* **Stored data**
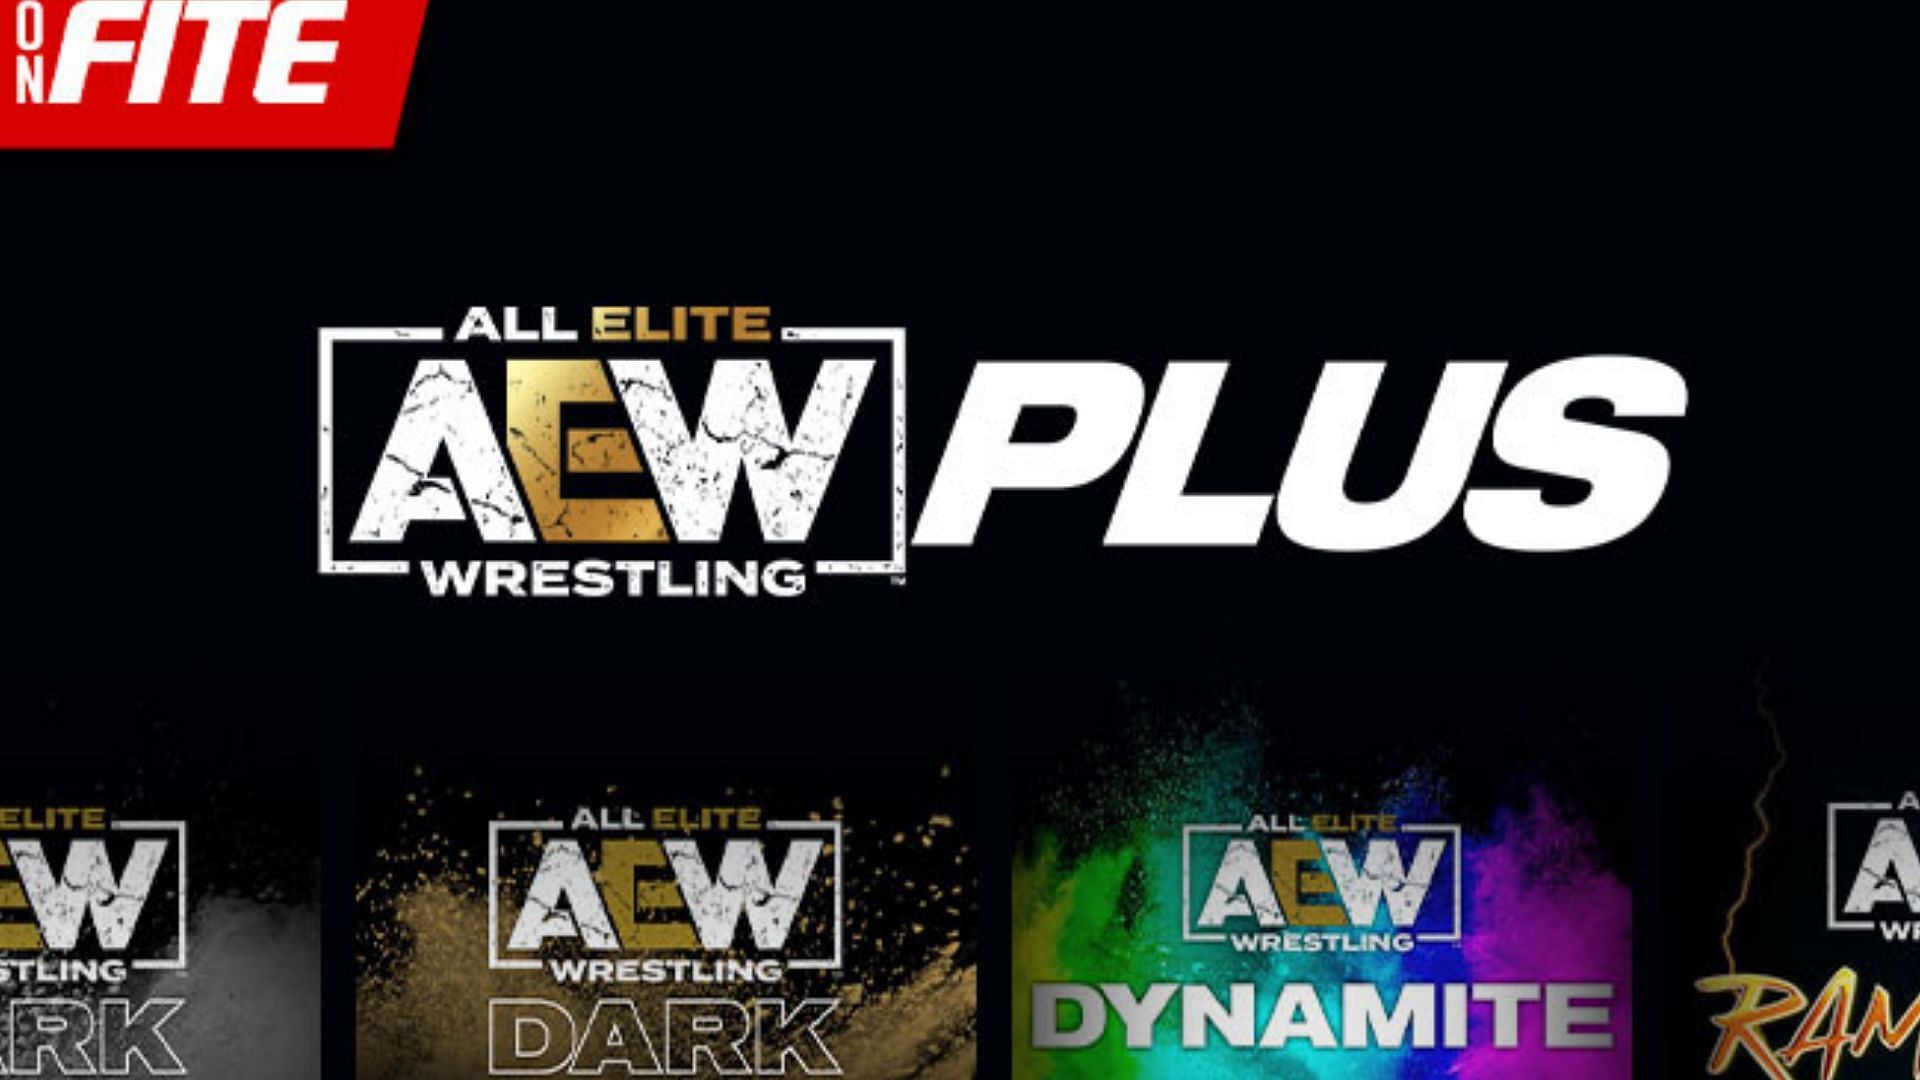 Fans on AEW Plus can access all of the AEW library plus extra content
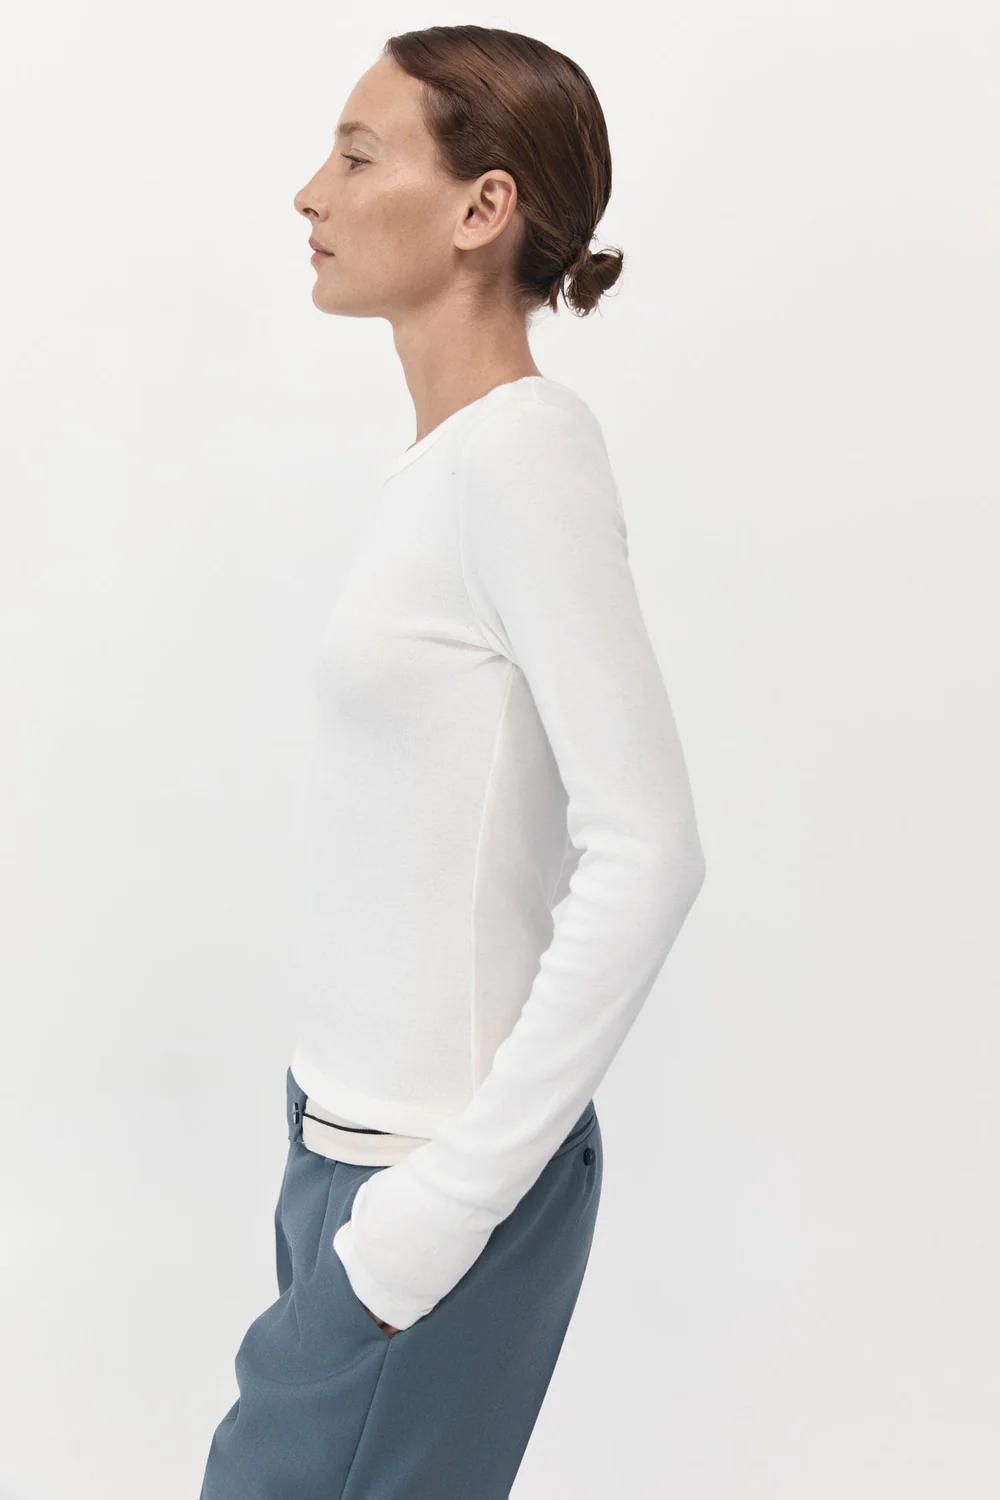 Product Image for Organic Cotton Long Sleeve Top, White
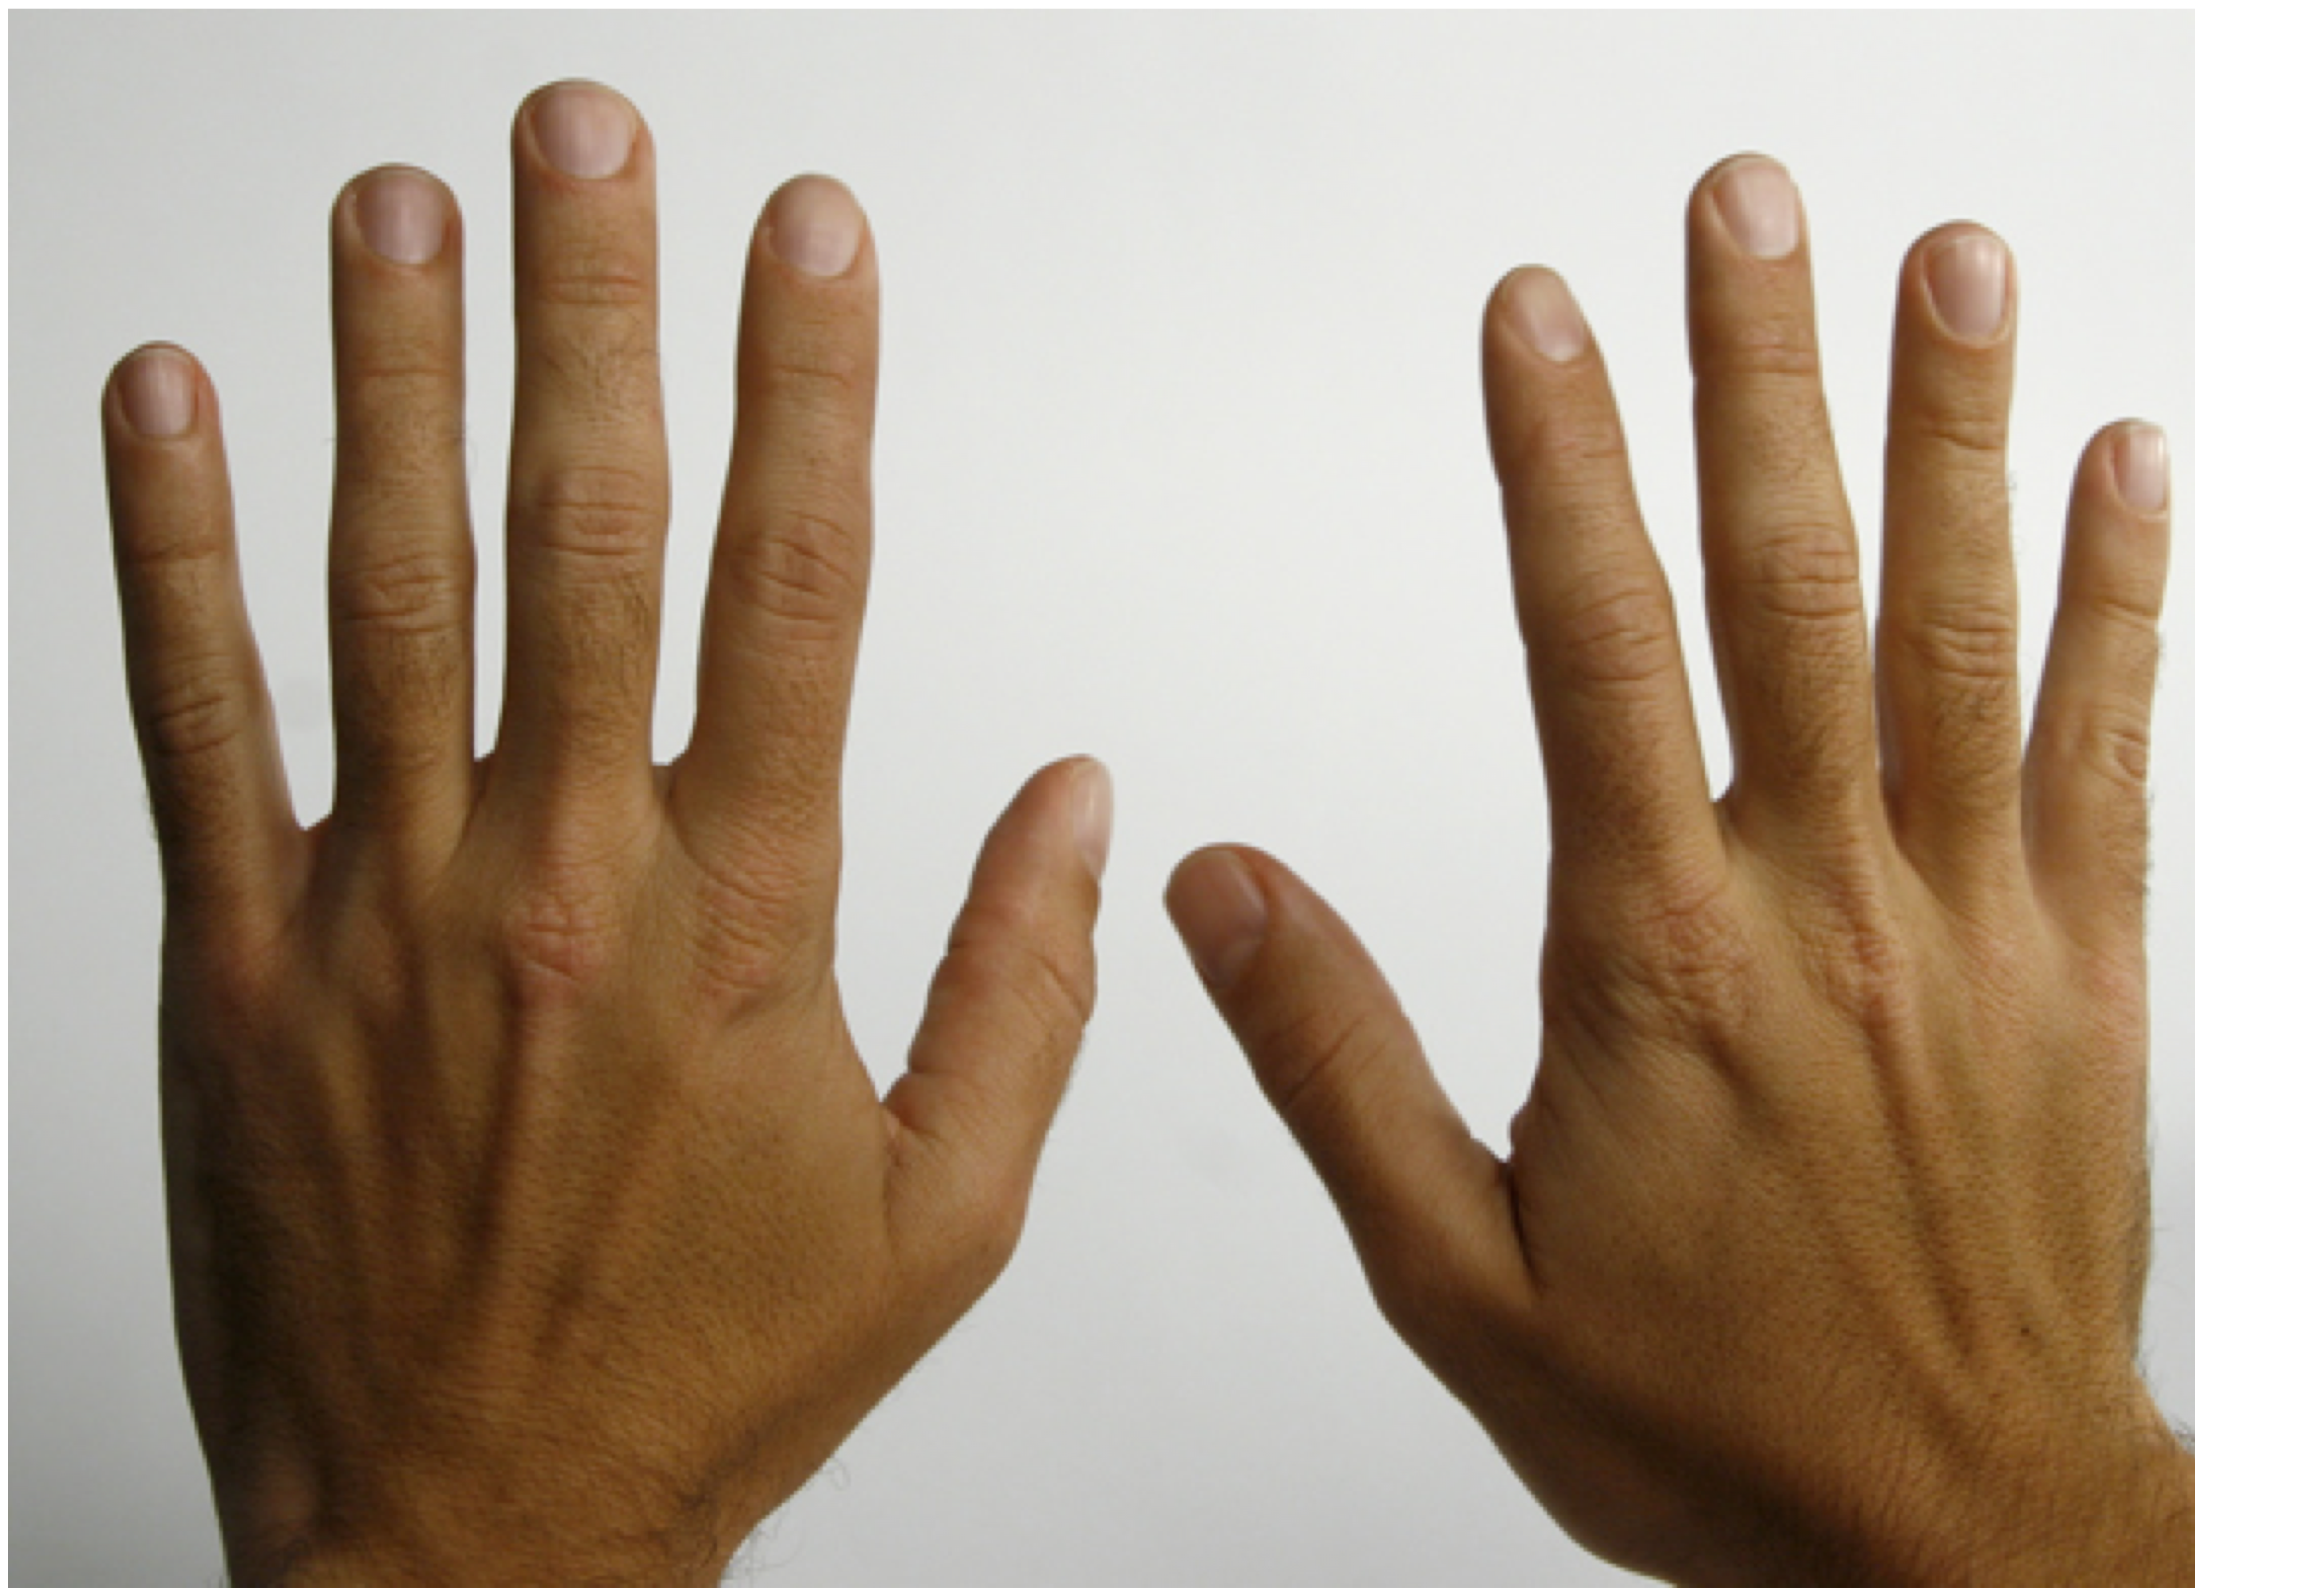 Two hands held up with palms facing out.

* **Problem to solve**
Without the pictures, give every line above again exactly.

* **Reply to the exercise**
 Fans on AEW Plus can access all of the AEW library plus extra content
 Product Image for Organic Cotton Long Sleeve Top, White
 Two hands held up with palms facing out.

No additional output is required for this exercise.